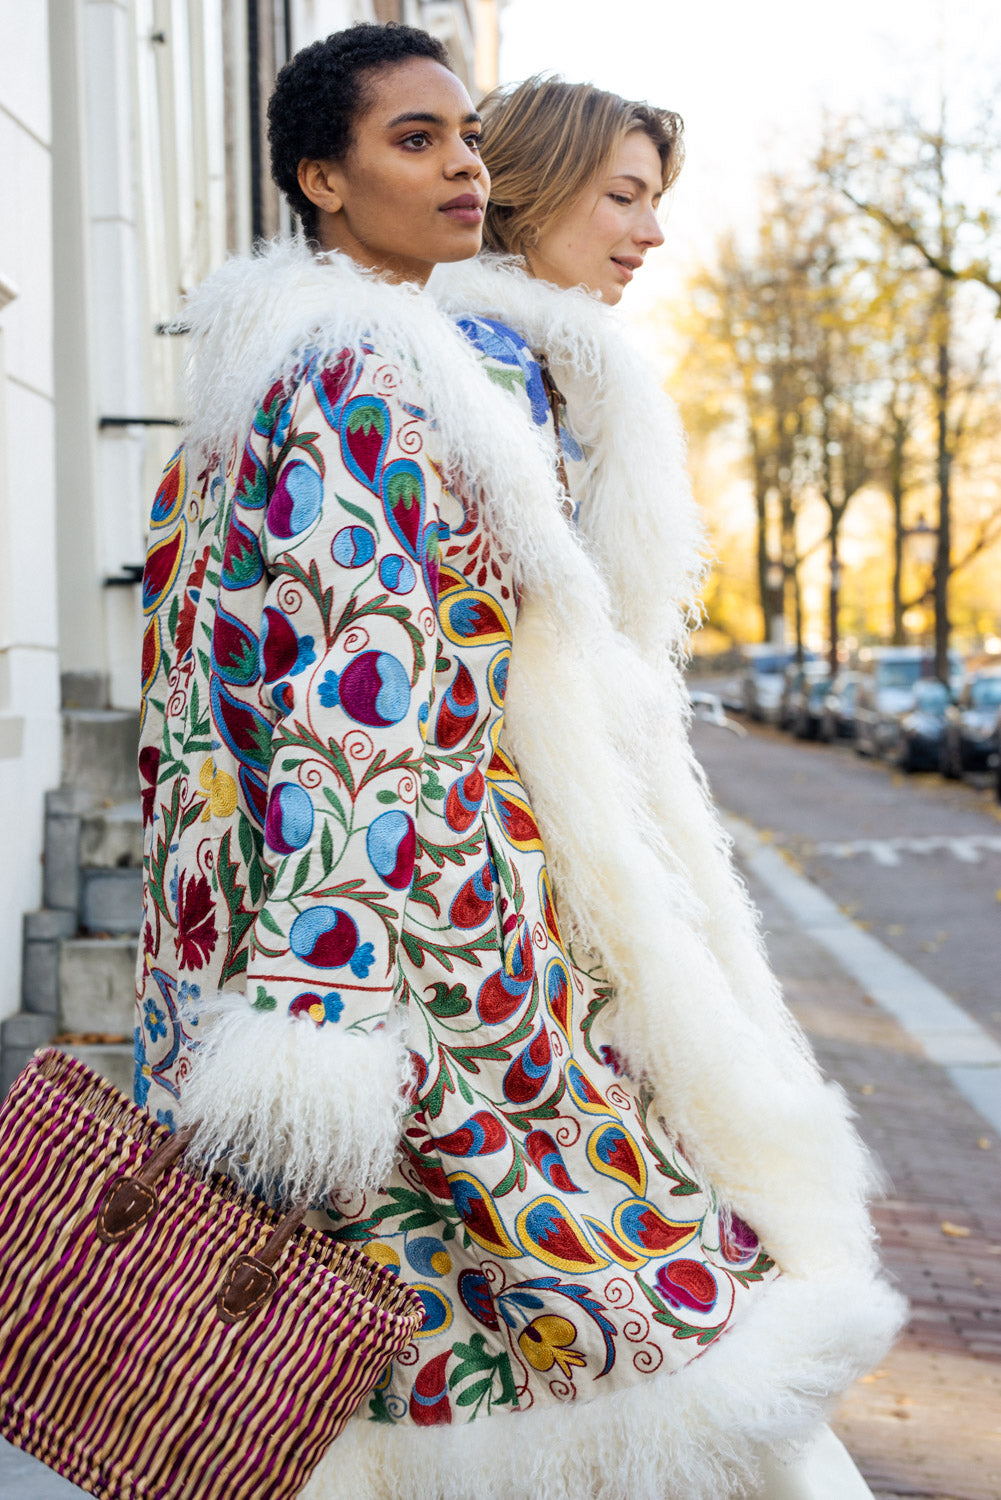 Suzani Coat - white & multicolor
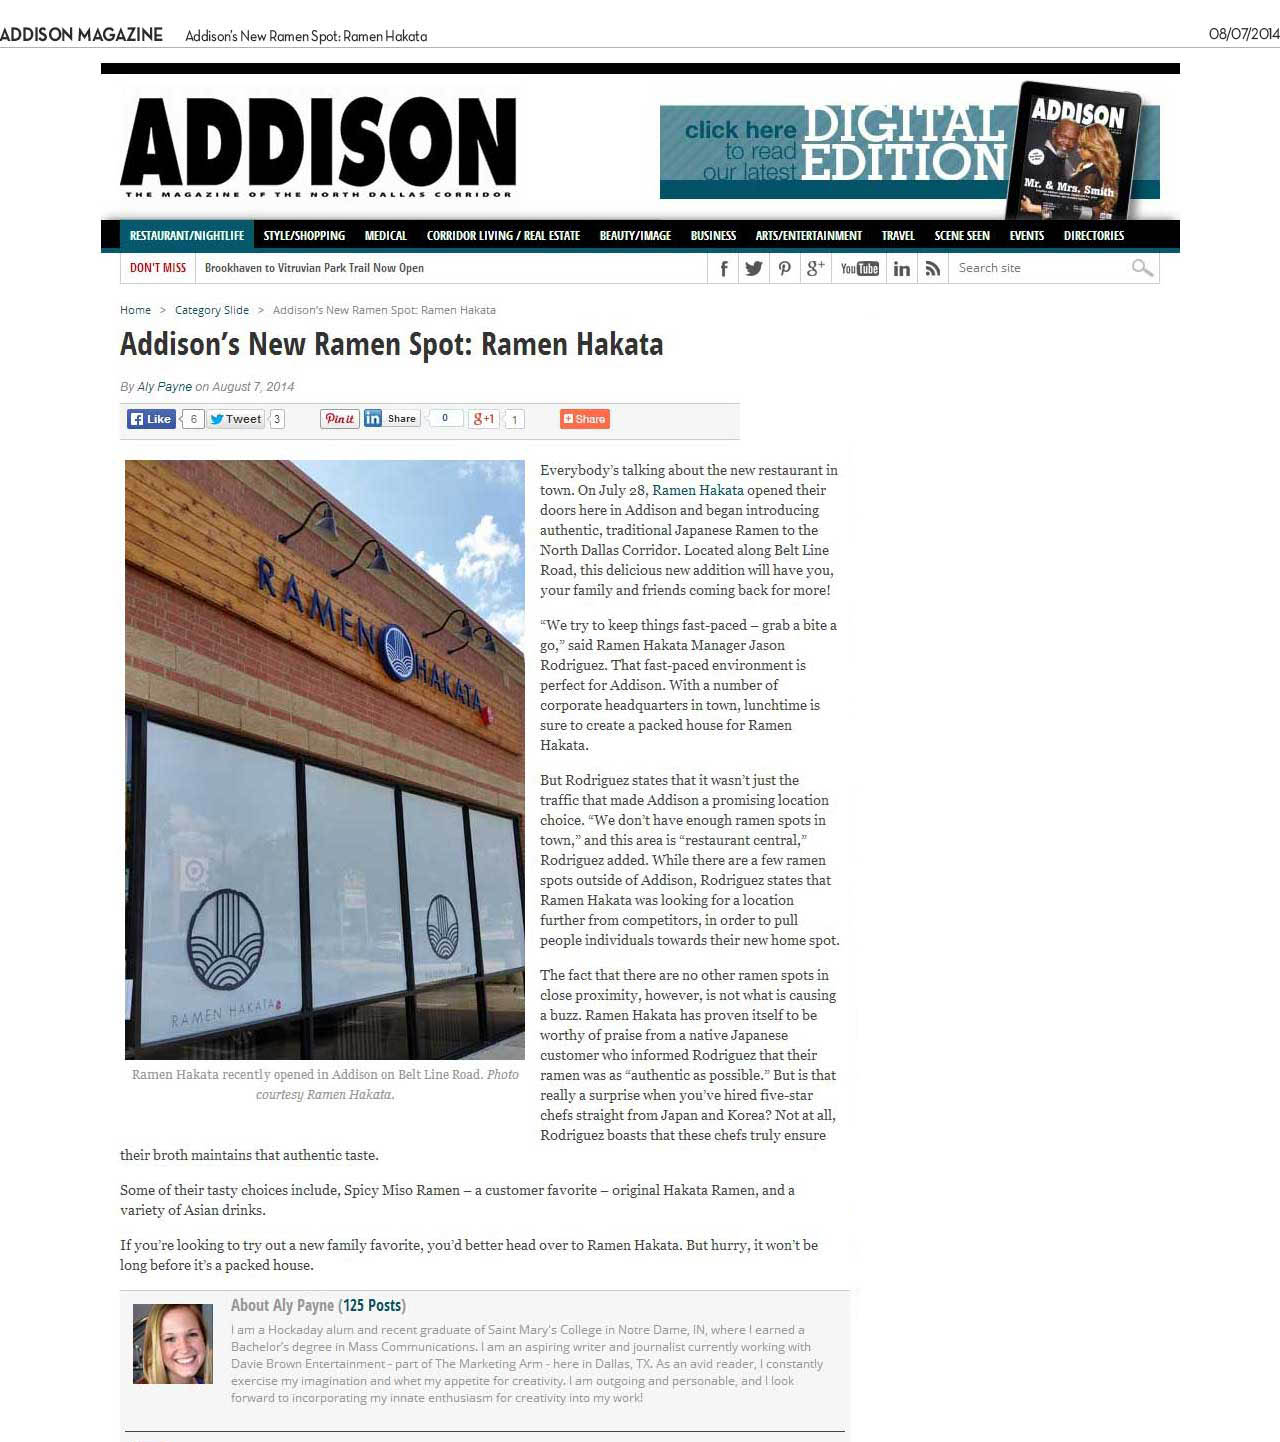 addison-magazine-08072014
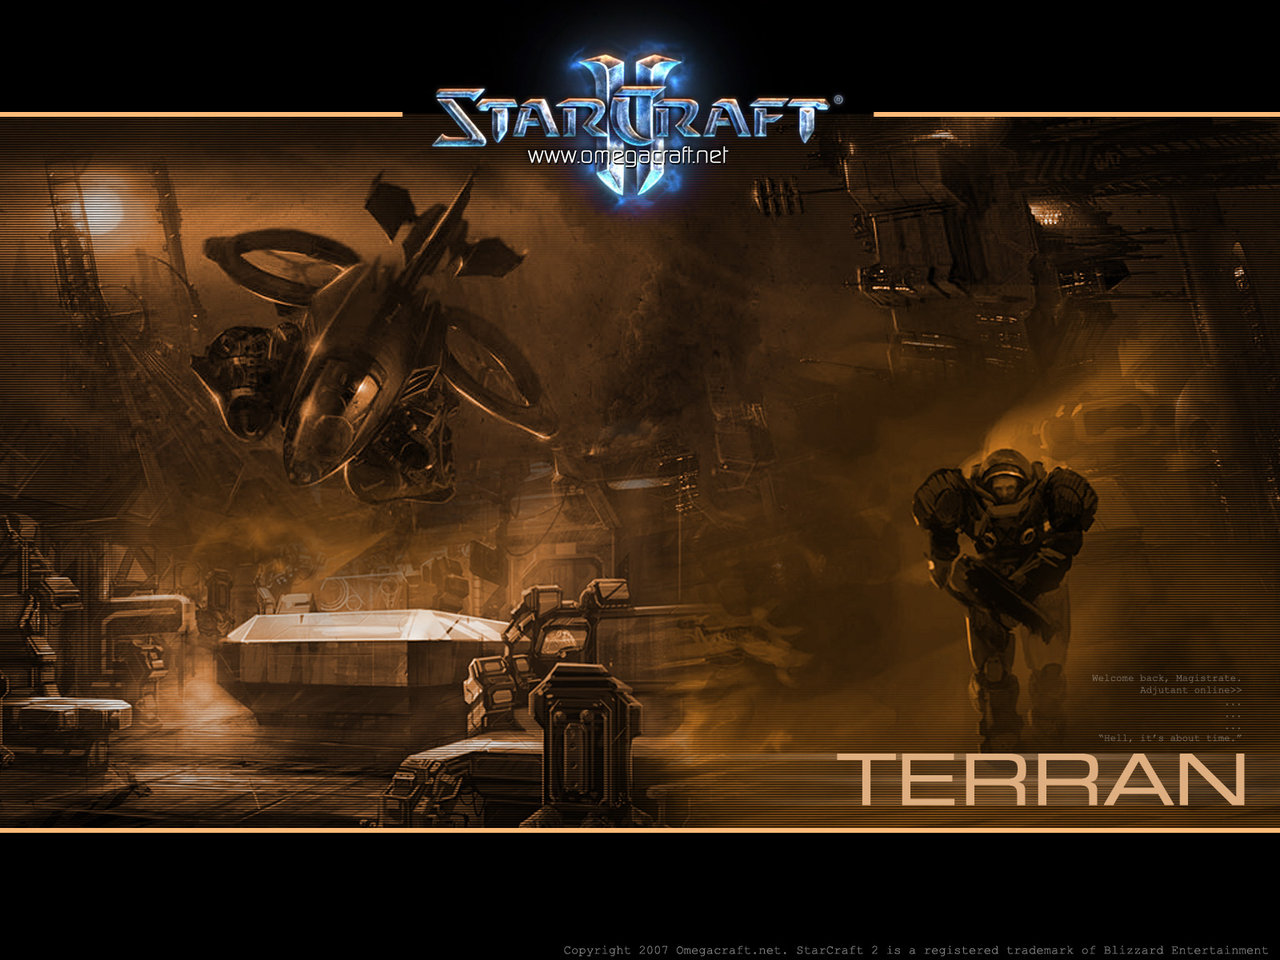  Wallpapers de StarCraft 2 Fondos de escritorio de StarCraft 2

Work instructions = You are asked to reproduce each line above exactly, but to exclude the pictures.

Response to the exercise =
 Suzani Coat - white & multicolor
 addison-magazine-08072014
  Wallpapers de StarCraft 2 Fondos de escritorio de StarCraft 2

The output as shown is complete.